# Wife is in full MLC...any have MC work?



## Garry2012 (Oct 5, 2012)

I have several posts on here related to my wifes mid life crisis. She is gone, checked out on the marriage since July....so a while. All the advice i get is to just let her go. I am not playing the Beta, asking her to stay, crying and pleading for her. 

She doesnt want to go to MC, but i feel like i HAVE the need to do something, anything, to at least give MC a shot of maybe pulling her, if just a little, out of her fog. Otherwise, we just walk away..and that sure as heck doesnt seem right to me..though its what the prevailing advice is.

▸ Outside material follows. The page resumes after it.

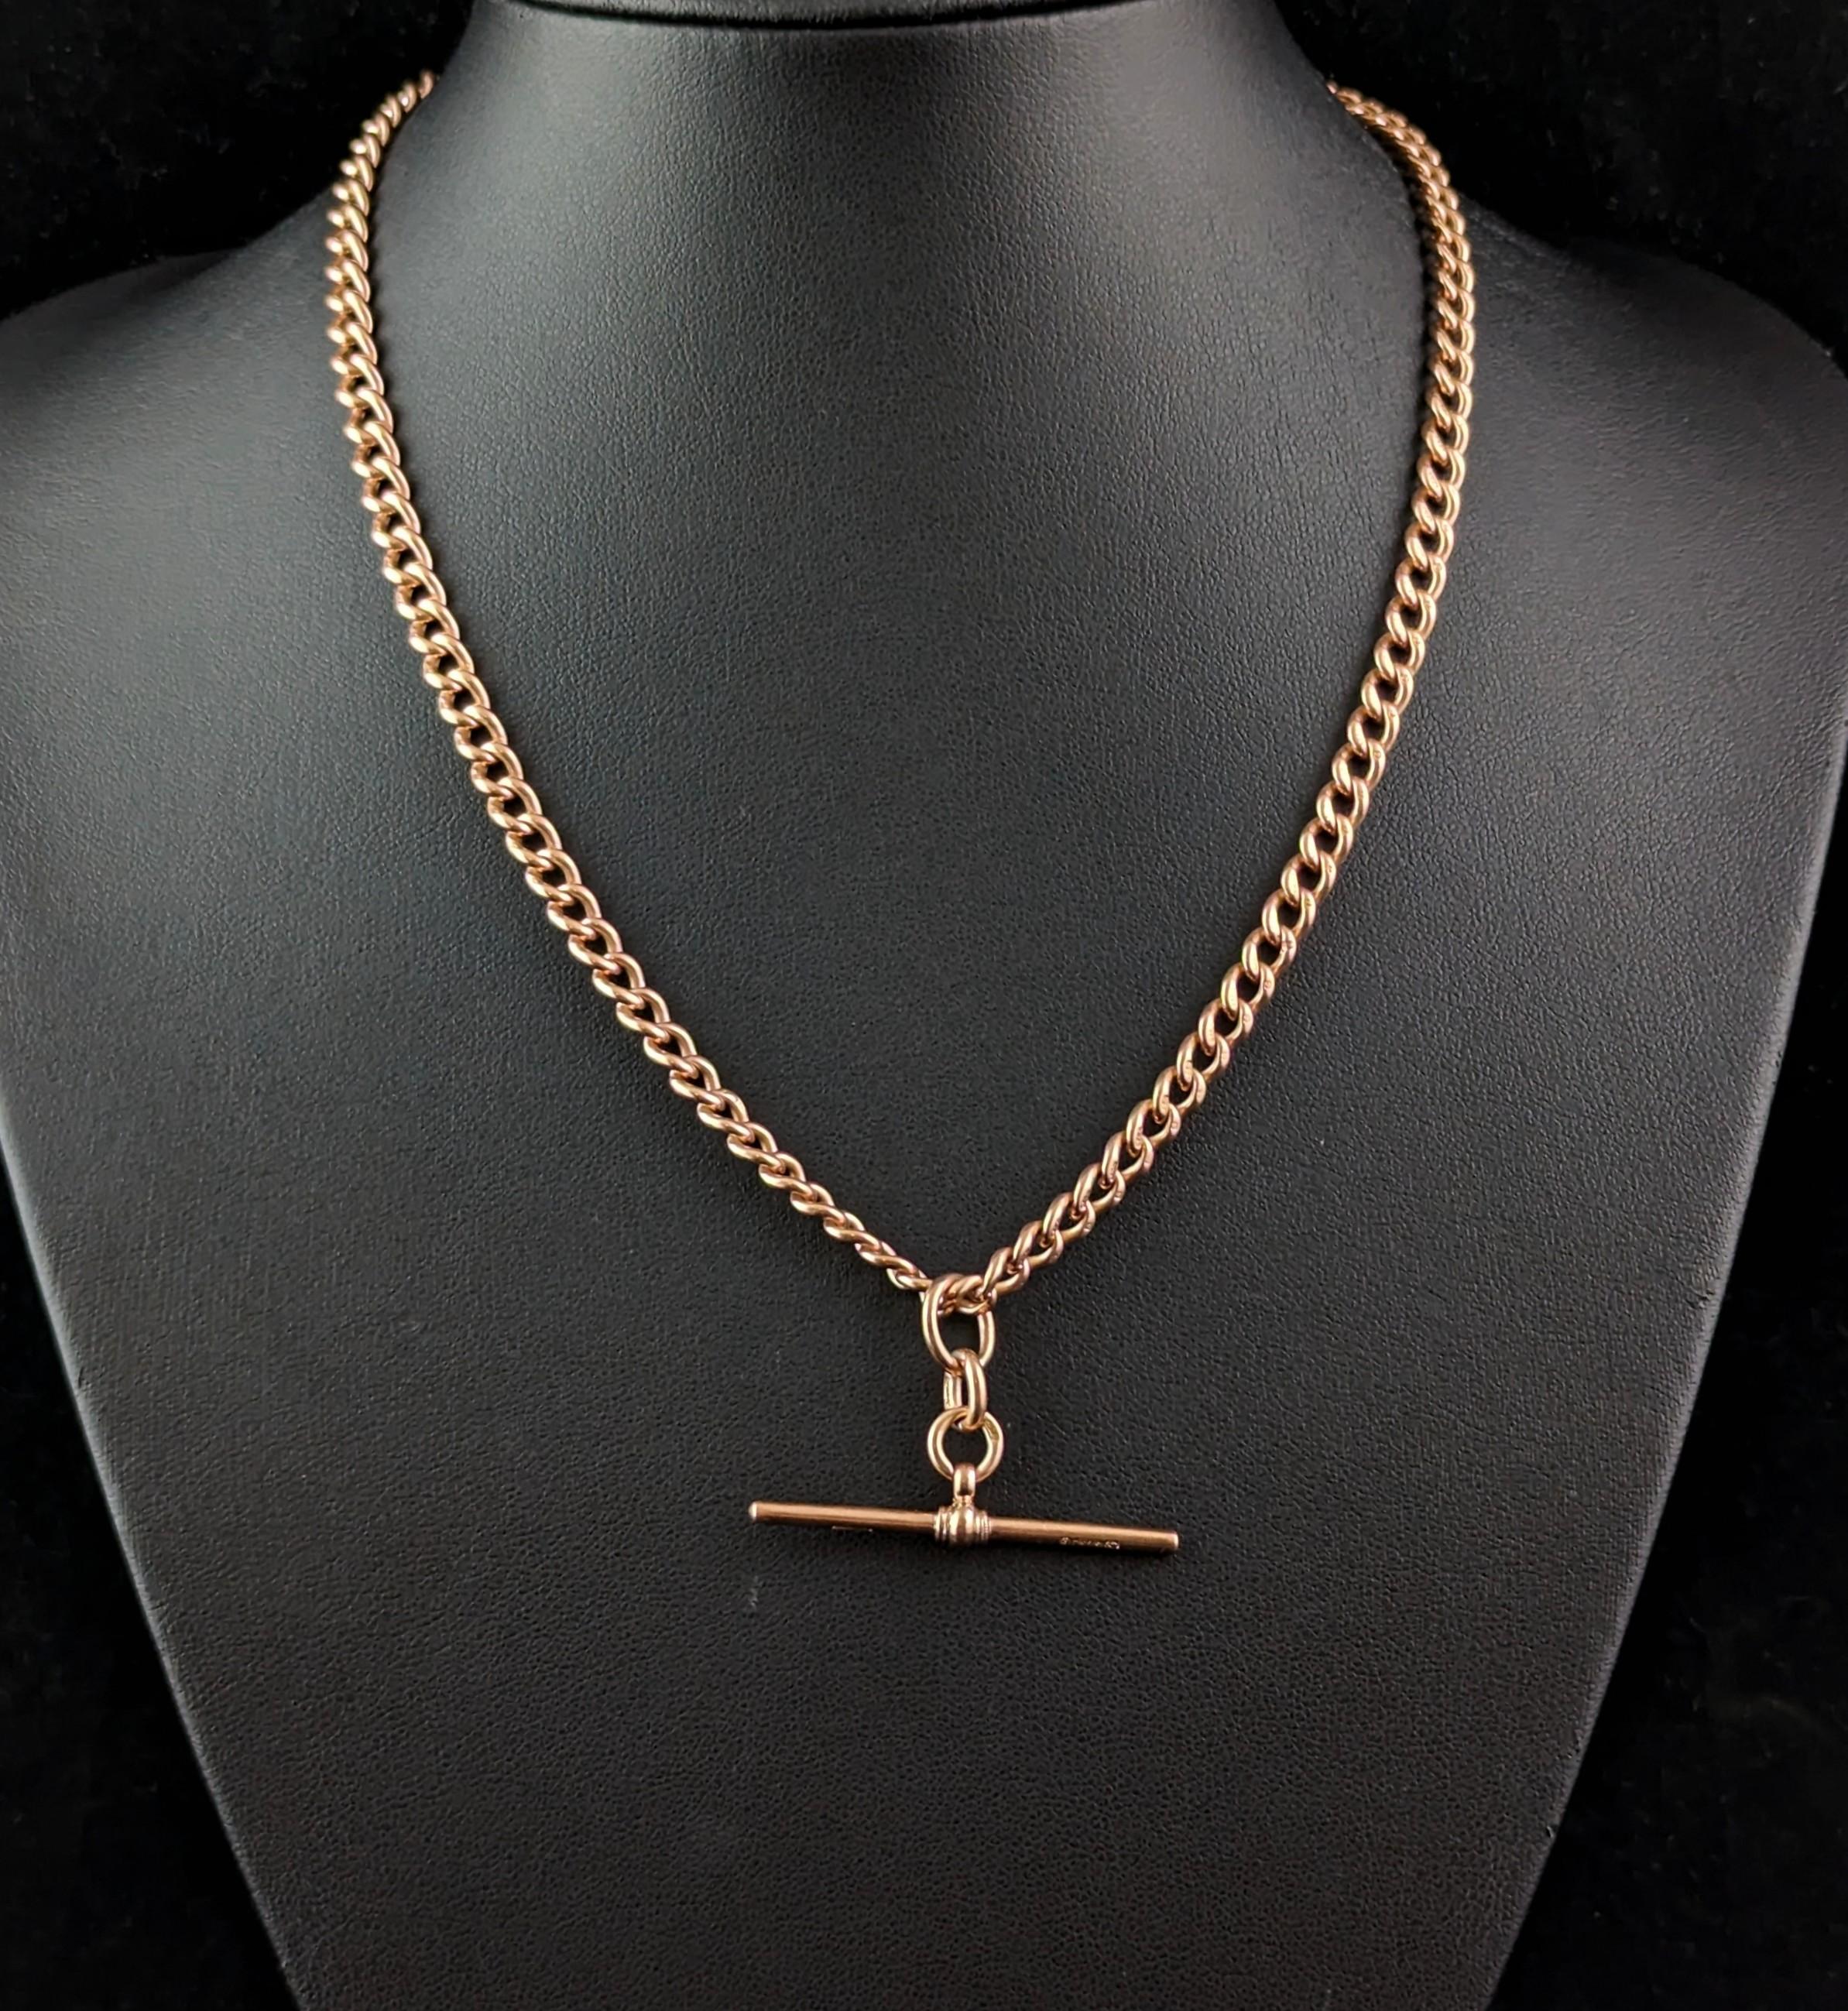 Antique 9k rose gold Albert chain, watch chain necklace, Art Deco  7

Has anyone actually had MC work, when the spouse is THIS deep into an MLC? I have read in "Limbo" that once they get to the "i want a separation" point, which we are, and yes there is an OM, that its way too late for MC. 

Not looking for ANY Beta/Alpha talk, just experiences.

Thanks


----------



## Toffer (Jan 31, 2012)

Garry,

Sorry to jump back on you here but stop calling this a MLC. It is an affair

Sometimes the only way to jolt a wayward spouse out of the fog is to file. This may give her pause and push her to consider MC

If you continue to ignore the advice you've been given for weeks now, you'll wind up riding this straight into the ground at 1,000 MPH


----------



## Garry2012 (Oct 5, 2012)

It is an affair, im not in dissagreement, but it is driven, i think, by an MLC. Thus its an MLC. I have taken the vast majority of the advice here actually, and it has helped me to grow. I wouldnt be ANYWHERE had i not found this site. I would still be thinking she really needed space, would not have got the VAR, and not seen a divorce atty. I owe ALOT to this site, I do, and i recognize that. 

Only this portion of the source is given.